Although Creole seasoning also contains black pepper, garlic powder, onion powder, and a pinch of cayenne pepper, it also includes other herbs that compliment the tomato products. These would include dried thyme, basil, and oregano.
Now that we know the basic differences between Gumbo and Jambalaya and Creole and Cajun cuisine, let’s get cooking!
- Classic Stove Top Jambalaya
- Crock Pot Jambalaya
- Black Eyed Peas Jambalaya
- Chicken and Shrimp Jambalaya
- Instant Pot Creole Jambalaya
Other Favorite New Orleans Inspired Recipes
There are so many more delicious Fat Tuesday recipes that you can make besides Jambalaya and Gumbo. Below I have listed some of my favorites, with a brief explanation of each recipe so you can decide which one best suits you and your family.
This recipe has been in my family for years, thanks to Justin Wilson, who is also known as the Cajun Cook. He had a cooking show that aired on PBS when I was a child and I will never forget his famous saying ‘I gha-rawn-tee’ (I guarantee).
This is where I first learned how to make Shrimp Creole. And the best way to explain this delicious and flavorful dish is that it is a mix between gumbo and jambalaya consistency.
Shrimp Creole is served along with rice like gumbo, but it’s a little thicker and less soupy, like jambalaya. It is a recipe that is full of flavor and contains only shrimp as the protein source.
This recipe was developed after I ate at a Louisiana inspired restaurant called J. Gumbo’s. They are primarily located in the Midwest so when the craving would hit me for a New Orleans or Fat Tuesday meal, I would always rely on their wonderful recipes.

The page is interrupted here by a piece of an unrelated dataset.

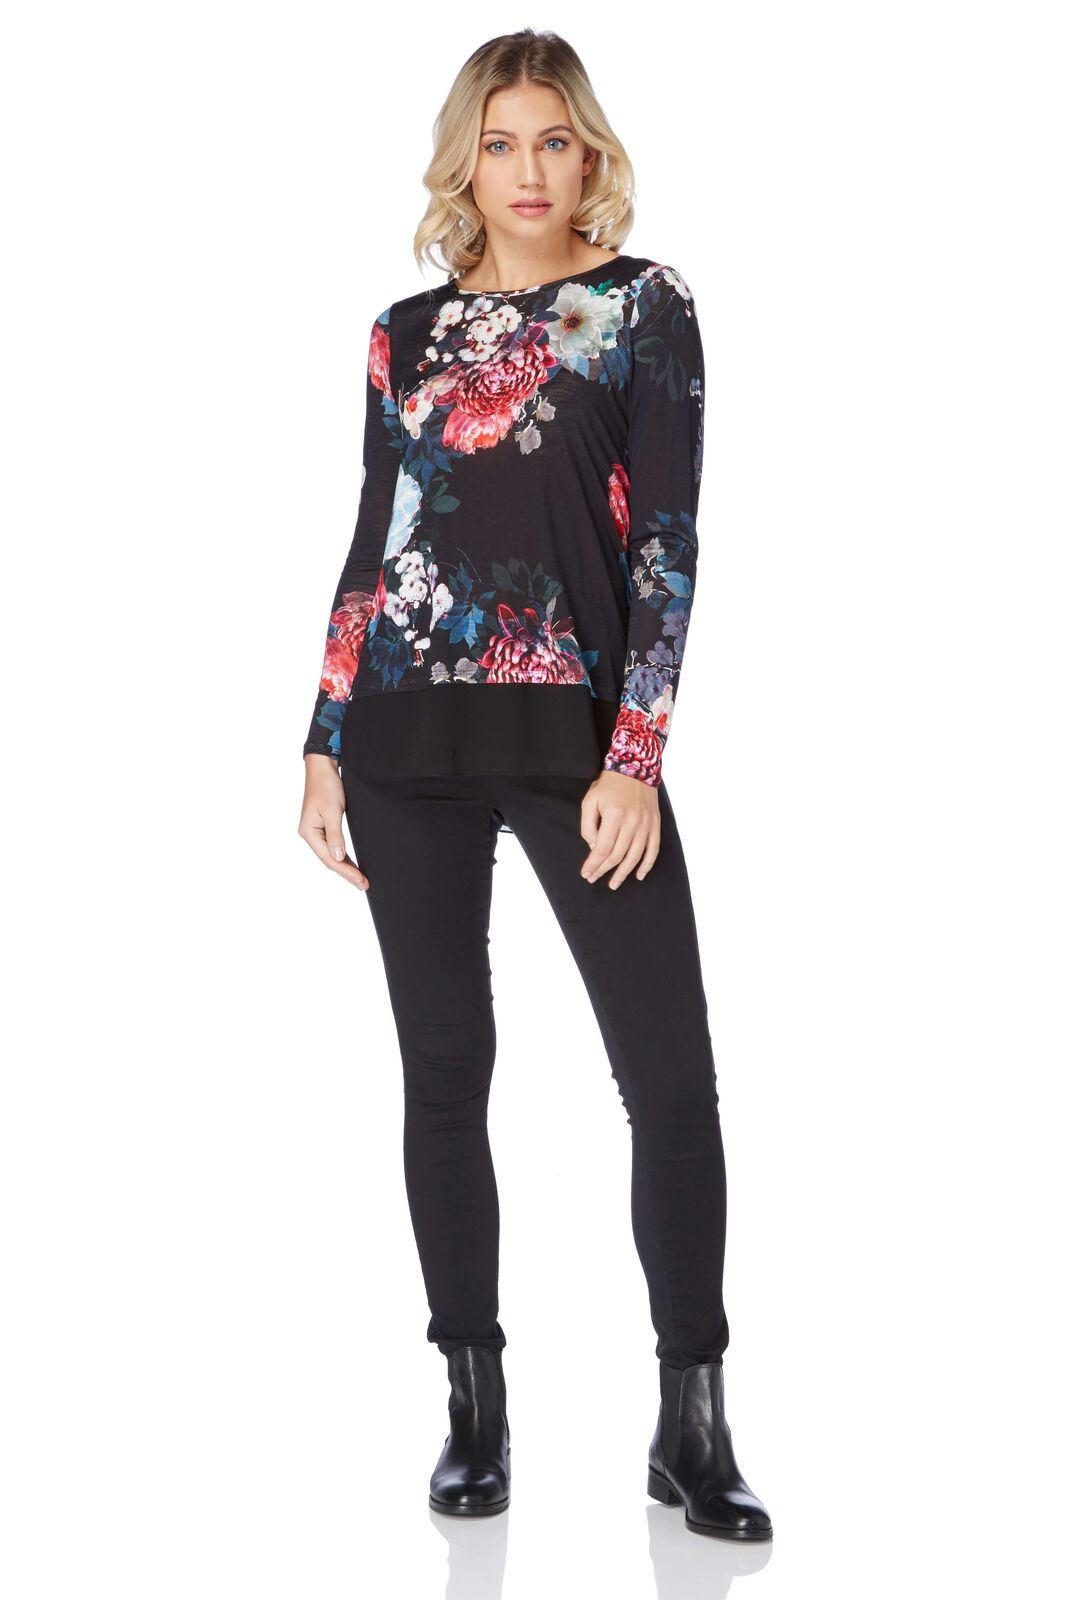 ROMAN-ORIGINALS-Black-Floral-Jersey-Top-with-Chiffon-Mock-Layer-RRP-30 thumbnail 5

My favorite was called Drunken Chicken. Shredded chicken cooked in a flavorful and slightly spicy sauce and served over rice. The dish explodes with complex flavors that I totally fell in love with.
Unfortunately, there are no longer any restaurants near my house, so I had to come up with my own recipe. And to this day, my entire family considers it one of their favorite meals.
No trip to New Orleans would be complete without red beans and rice. Although this dish is historically served on Mondays (because it uses up the leftovers from Sunday’s meal), it is the perfect Fat Tuesday recipe!
Small red beans are cooked with the holy trinity of vegetables, andouille sausage and a ham hock. Then when the beans are nice and tender, they are served with rice.
Although this dish tastes best when it simmers on the stove for hours, you can take a short cut by making Instant Pot Red Beans and Rice instead.
Fat Tuesday usually falls during the crawfish season in Louisiana, so naturally we have to include at least one recipe that includes crawfish. Etouffee is also a rice based dish, but it is considered more of a gravy like substance that is served over rice.
This recipe is one of my favorites because it is not only full of flavor, but it includes crawfish. Crawfish is a little sweeter than shrimp and firmer than crab meat. Therefore, if you can’t find crawfish where you live, simply use shrimp and/or crab instead.
If you want to keep things simple, make a Shrimp Po’Boy sandwich. Fried shrimp that is placed on sub bun and served with lettuce, tomato, and of course a homemade Rémoulade sauce.
Spice it up with a little dash of Louisiana hot sauce and hot peppers and you have a classic New Orleans meal!
Because it is Fat Tuesday, sure to check out these classic dessert recipes. They are so good that you will be making them not only during Mardi Gras season any more!
So there you have it! A variety of recipes to help you celebrate Fat Tuesday! Pick out your favorites and enjoy them not only during Mardi Gras season, but all year long!